Candidates were expected to know the different hormonal responses to hypovolaemia The possible approach to this question can be either by explaining the hormonal response in terms of time sequence or by different hormonal systems. Good answers to this question included how different hormonal responses are activated and
mediated. The common omissions were secretion of erythropoietin within 24 hours of haemorrhage, role of macula densa and juxtaglomercular apparatus, interactions between baroreceptors and sympathetic nervous system with the secretion of ADH, cortisol, glucagon and catecholamines.
Syllabus: C1g 2b
Reference: Kam 1st edition 156, 212
Guyton 11th edition 342,287-280


  • Staging of blood loss is in terms of % of circulating volume lost:
    • Four classes (ATLS): <15% of volume, 15–30%, 30–40% and > 40%
    • Loss of 1000ml of blood (20% of the total circulating volume) in a 70kg subject  represents most of the stressed volume.
    • Loss of 2000ml of blood = 40% of the circulating volume = severe haemorrhagic shock
  • Hypovolemia and cardiovascular compensation
    • Baroreflex activation and chemoreceptor activation.

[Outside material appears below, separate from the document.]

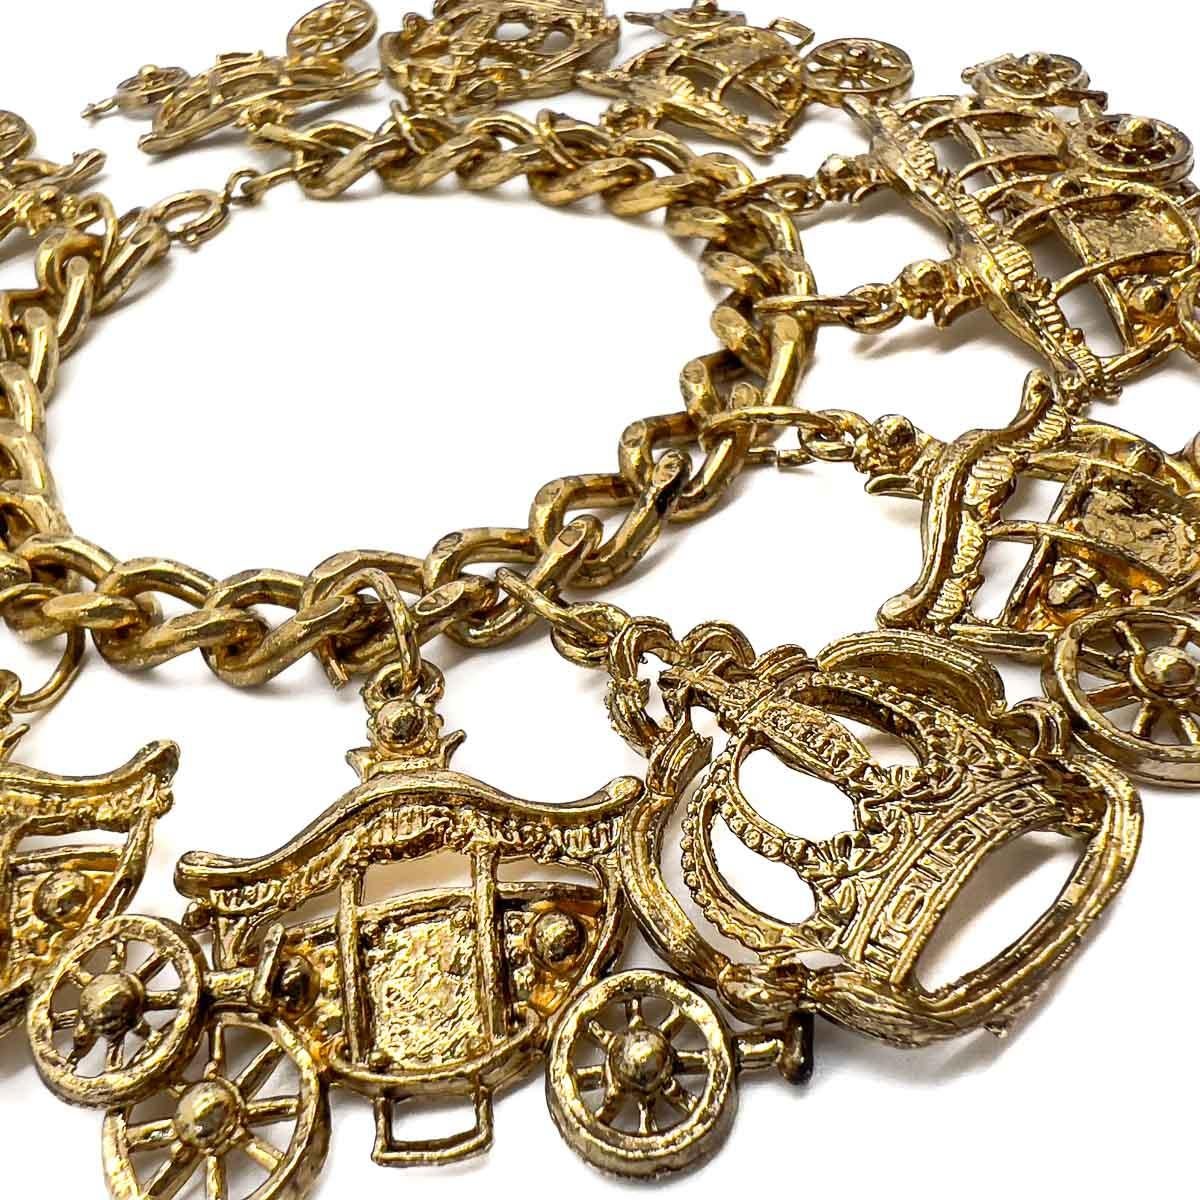 A vintage Coronation Charm Bracelet. Loud and proud this is a fabulous piece of celebratory jewellery.

An unsigned beauty. A rare treasure. Just because a jewel doesn’t carry a designer name, doesn’t mean it isn't coveted. The unsigned beauties in

    • Decreased vagal stimulus; thus increased heart rate
    • Sympathetic activation, which has multiple effects:
      • Increased peripheral vascular resistanc
      • Redistribution of blood flow away from the cutaneous and splanchnic circulation
      • Stimulation of systemic catecholamine release from adrenal glands, which produces an increased systemic effect in addition to the peripheral sympathetic nervous system effecs
      • Stimulation of vasopressin release via the projections from the nucleus of the solitary tract to the hypothalamus
      • Stimulation of renin release by sympathetic stimulation of the juxtaglomerular cells, and due to lower renal perfusion
  • Transcapillary fluid redistribution and isovolaemic anaemia
    • ​​​​​​​Vasoconstriction of arterioles results in reduced capillary hydrostatic pressure
    • This results in a change in the Starling relationship in the microcirculation
    • The result is a movement of free water out of the interstitial space and into the intravascular space
    • This dilutes the blood volume and decreases the haematocrit, decreasing the haemoglobin concentration of the blood, but restoring some of the circulating volume
  • Renal fluid/electrolyte conservation and haemopoiesis
    • ​​​​​​​​​​​​​​Renin secretion causes:
      • Vasoconstriction (by angiotensin)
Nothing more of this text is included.